Archive for the 'Misc' Category

Creating a PowerShell script that can install itself as module

Powershell advanced functions are a lightweight, yet pretty powerful way to extend the set of commands available in a Powershell sessions. Advanced functions look and feel almost exactly like proper cmdlets, but they are written in Powershell and therefore quick to develop.

By default, advanced functions are ephemeral though: If you run a script containing an advanced function, that function is going to be available for the rest of the Powershell session — after that, it is gone. To make an advanced function available permanently — like a cmdlet — you have to wrap it in a Powershell module, and install that module.

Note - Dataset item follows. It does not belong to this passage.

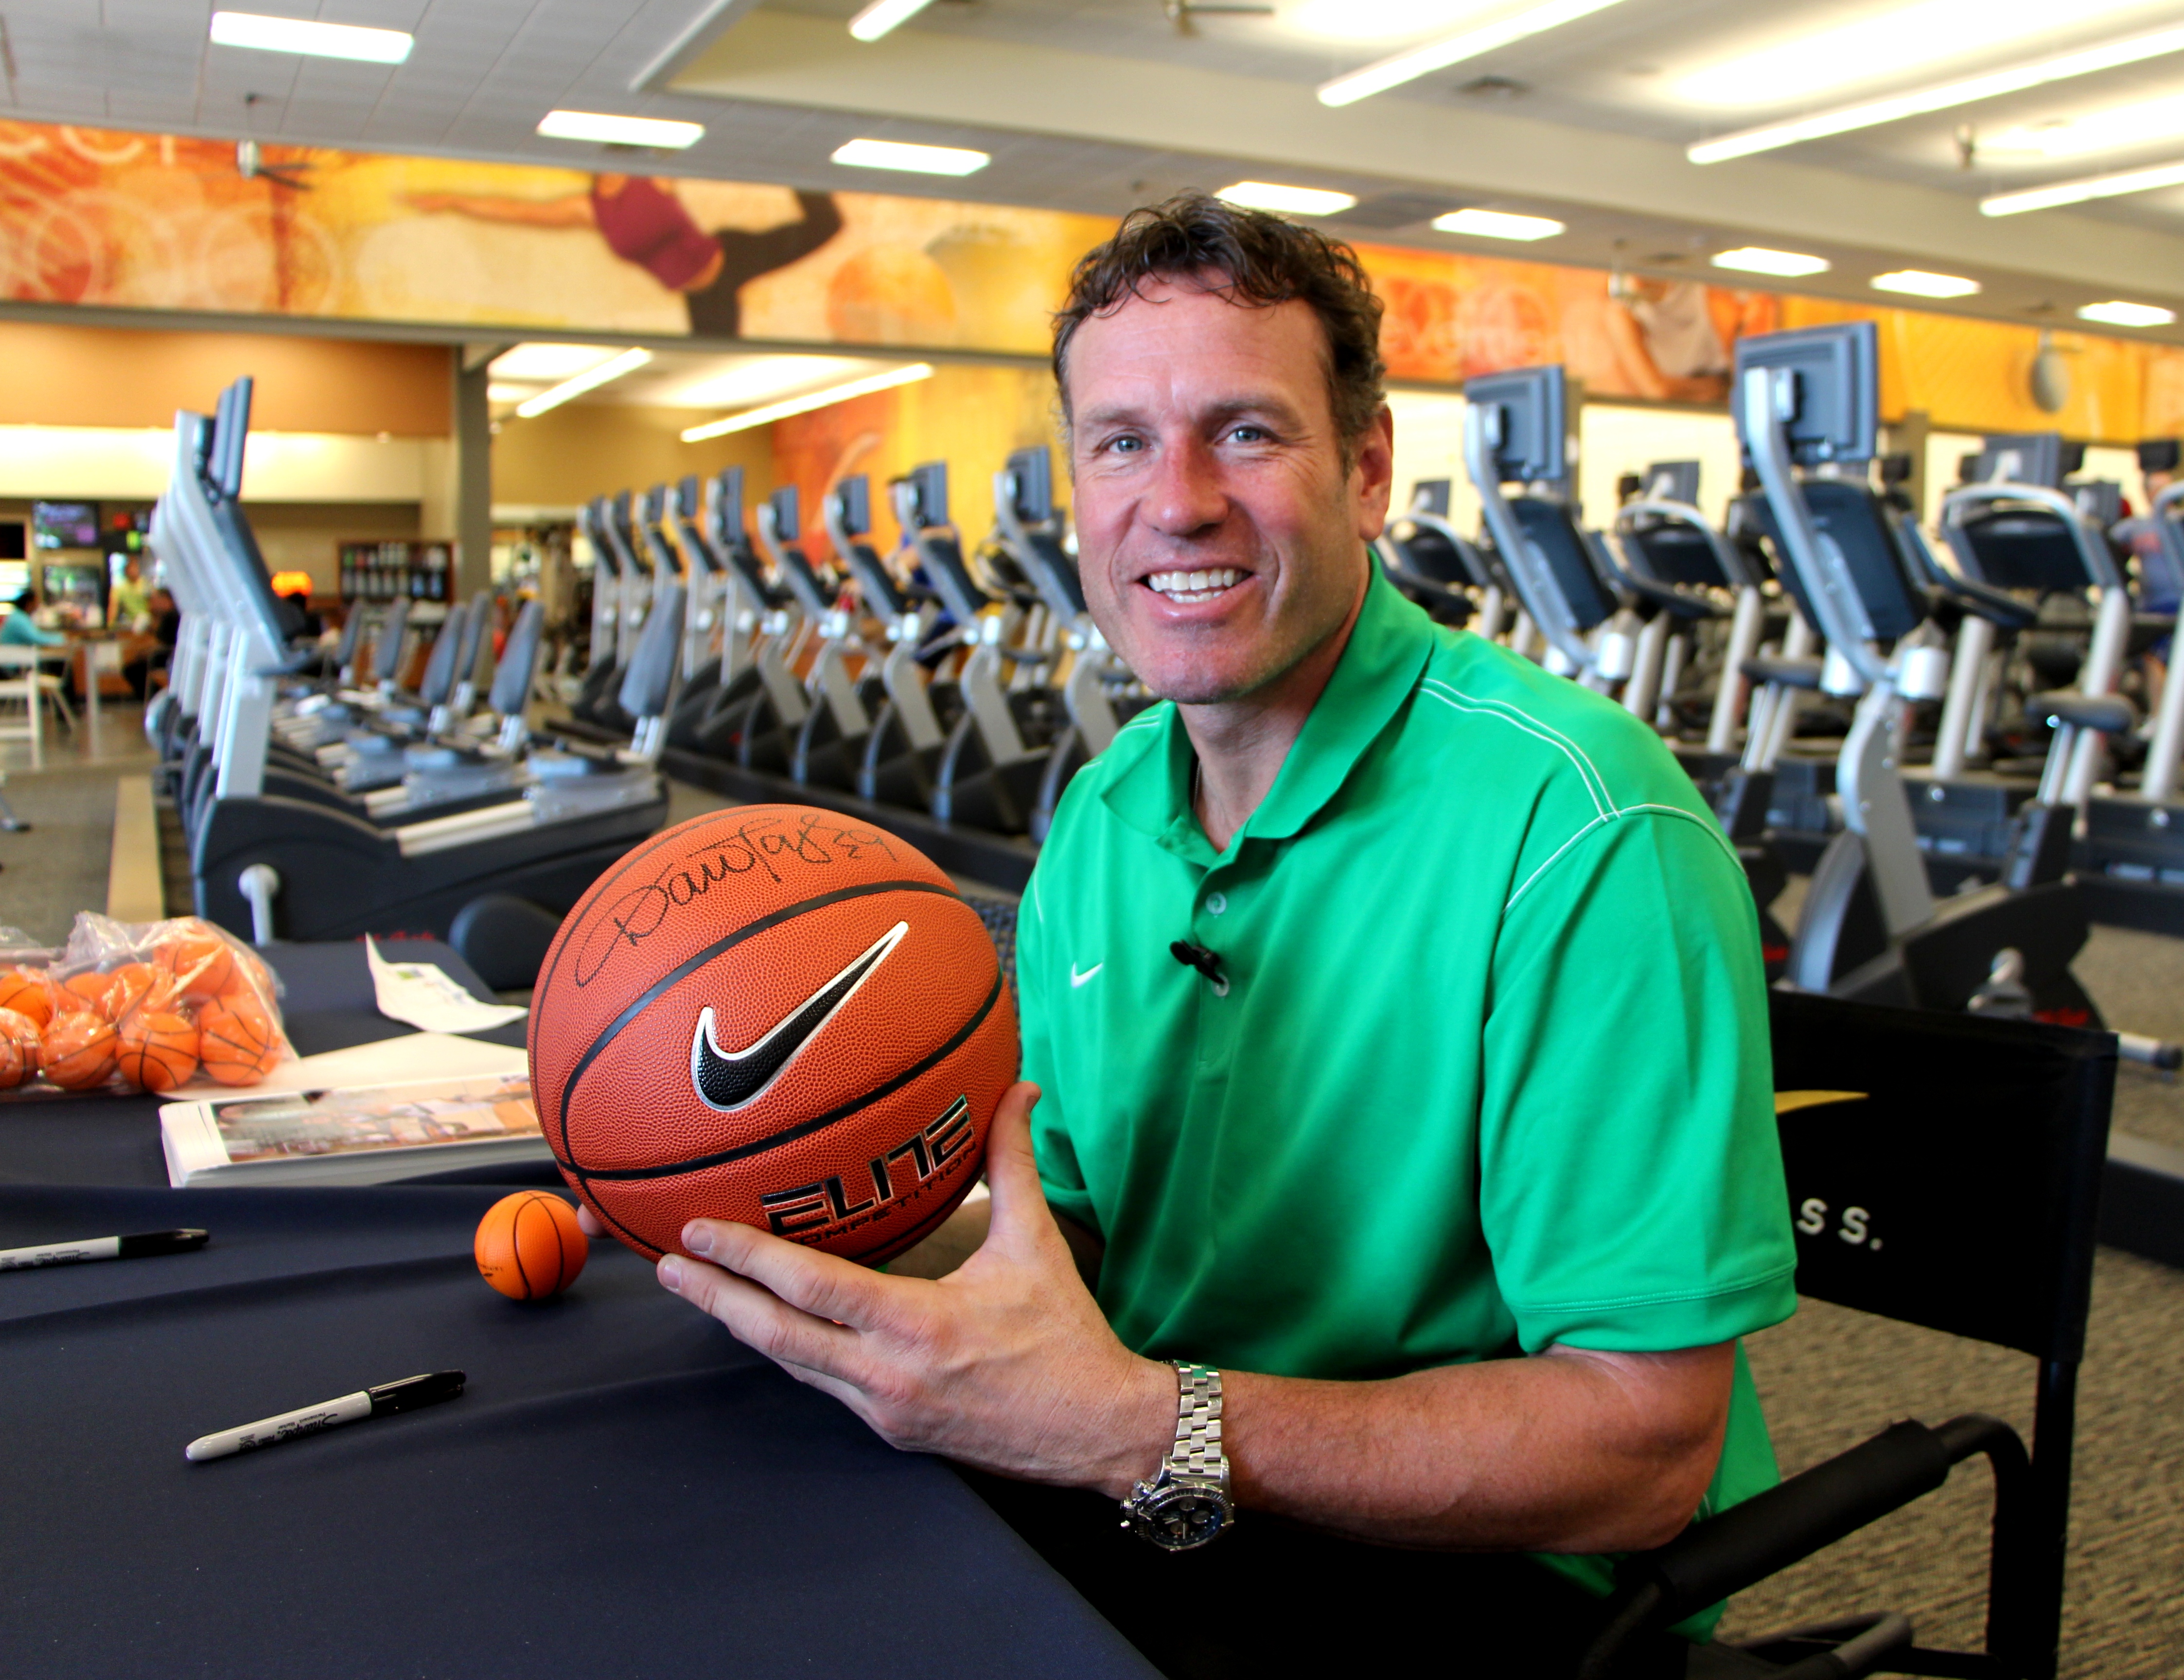 Phoenix Suns legend Dan Majerle autographs a basketball for the LIVING HEALTHY give away contest

A module consists of at least two files:

  • a script module, which is a Powershell script containing the advanced functions. Unlike a regular Powershell script, it has to use the file suffix .psm1.
  • a module manifest (*.psd1) that defines some metadata for the module.

If you have a NuGet repository, you can publish your module there to make it easily installable across your environment. But what if you do not have a NuGet repository you could publish the module to, but still want to make it easily installable for other users?

Installing without Nuget

Installing a module entails taking the .psm1 and .psd1 file and copying them to a folder underneath [ProgramFiles]\WindowsPowerShell\Modules\ (to become visible globally) or [MyDocuments]\WindowsPowerShell\Modules (for the current user). That process is easy enough, but already adds a good amount of friction:

  • Comprising multiple files, the module is not as easy to download or copy as a plain script file anymore and you might have to package the files in a Zip archive.
  • Asking users to copy the files to the right folder is rarely an option, so you might have to create an extra installer script or package to take care of this.

As it turns out, there is a way to have your cake and eat it too — to take advantage of advanced functions and modules while still being able to distribute everything as a single script file. The idea is to create a Powershell script that, when run, installs itself permanently as a PowerShell module.

See powershell-install-as-module/Install-Template.ps1 on GitHub for an example of such a script.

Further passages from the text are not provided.